On the stock-market website SeekingAlpha, a blogger known as "Bubslug" recently calculated a driver death rate according to the IIHS criteria for the Model S.

Tesla Autopilot suite of features - with version 7.0 update

He came up with a rating of 36—a bit worse than the overall average, and about the same as the Impala.

But Bubslug, apparently not a statistician, didn’t include a confidence range. Due to the low number of vehicle-years for the Tesla, its confidence range would have been huge—something on the order of 0 to 75.

IIHS doesn’t list any car with less than 100,000 vehicle-years because the sample size is too small, leading to even wider confidence ranges.

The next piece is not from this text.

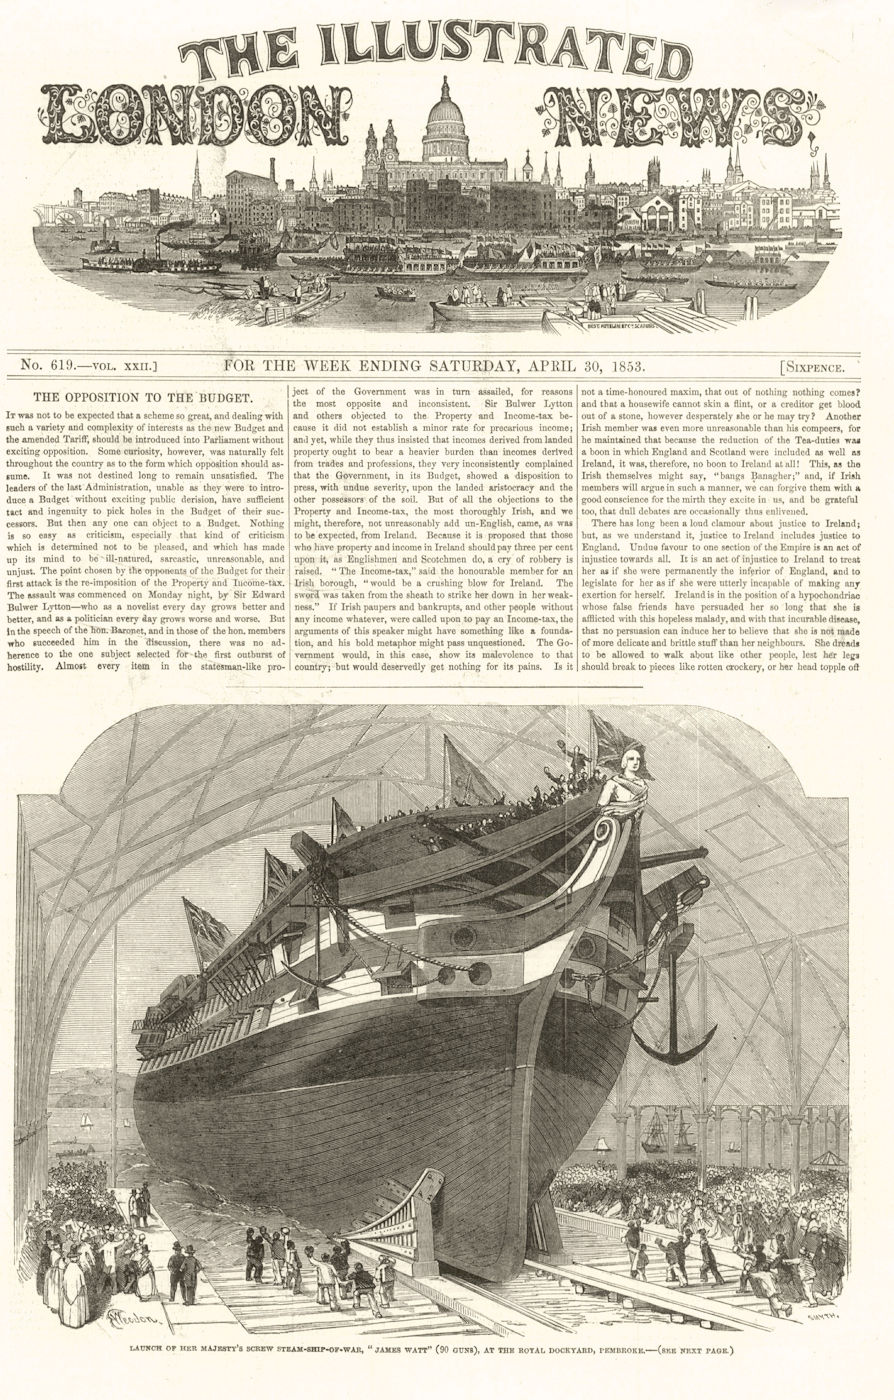 Launch of HMS James Watt, Royal Dockyard, Pembroke. Wales 1853 old print
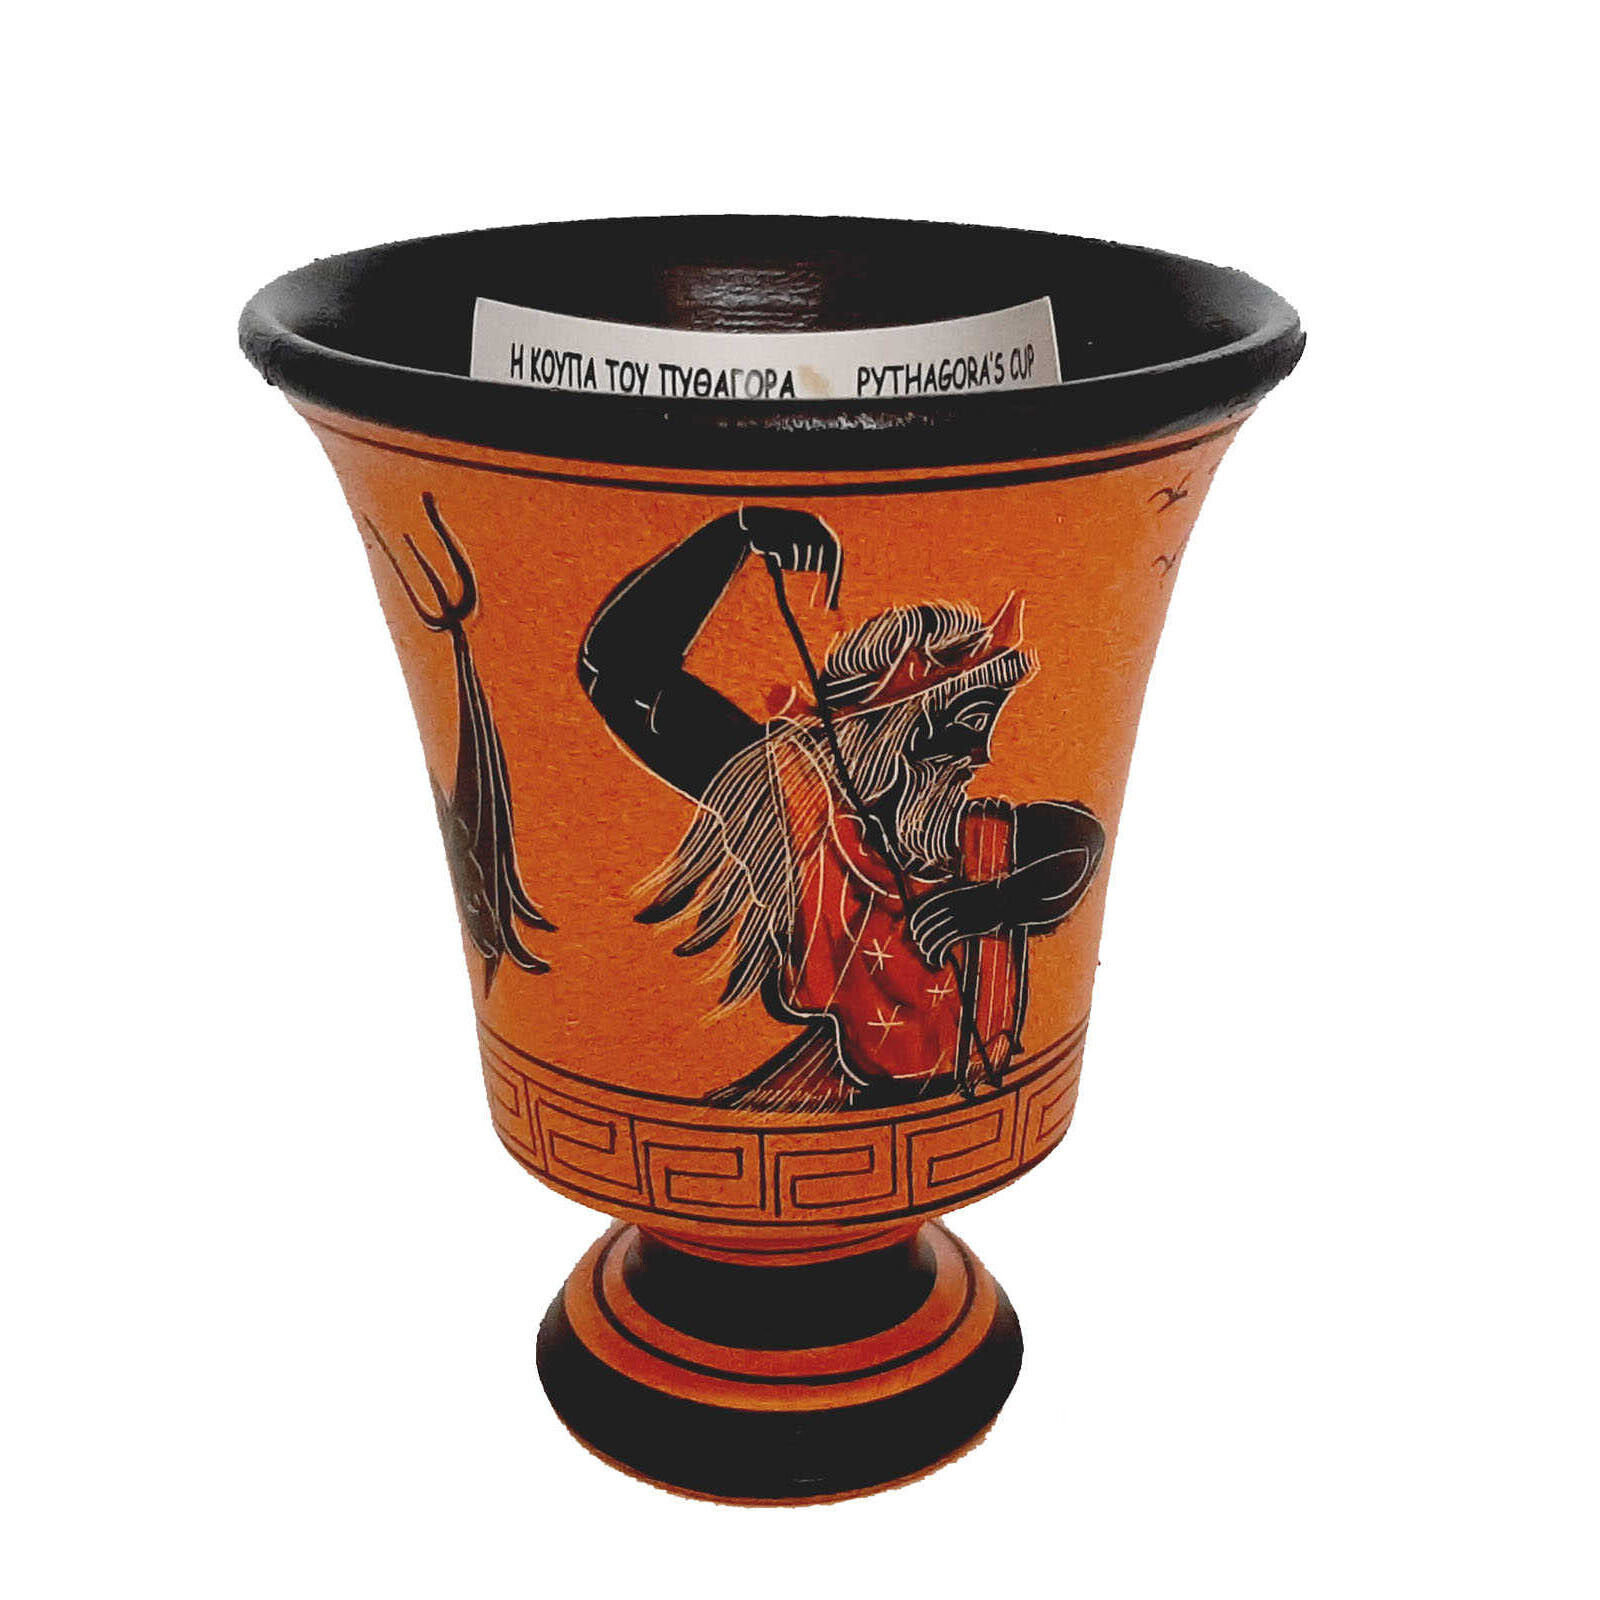 Pythagorean cup,Greedy Cup 11cm,Orange background shows God Poseidon

Nevertheless, Bubslug came up with a number for the Autopilot-equipped Tesla—even though, according to him, the AP Tesla had accumulated only 16,667 vehicle-years.

That number, for what it’s worth, was 60.

And what it’s worth is pretty much zero. Just like Tesla’s numbers.

Tesla Motors, Palo Alto, California

Only Tesla has the data

In the end, perhaps the only valid comparative benchmark for the Autopilot Tesla is the non-Autopilot Tesla.

But only when driven on four-lane roads in good weather. Only after a few billion miles.

And only Tesla has the aggregated data on when its cars are being driven on Autopilot and when they're not.

Perhaps it’s best to close with the conclusion of the Rand report:

It may not be possible to establish with certainty the safety of autonomous vehicles. Uncertainty will remain.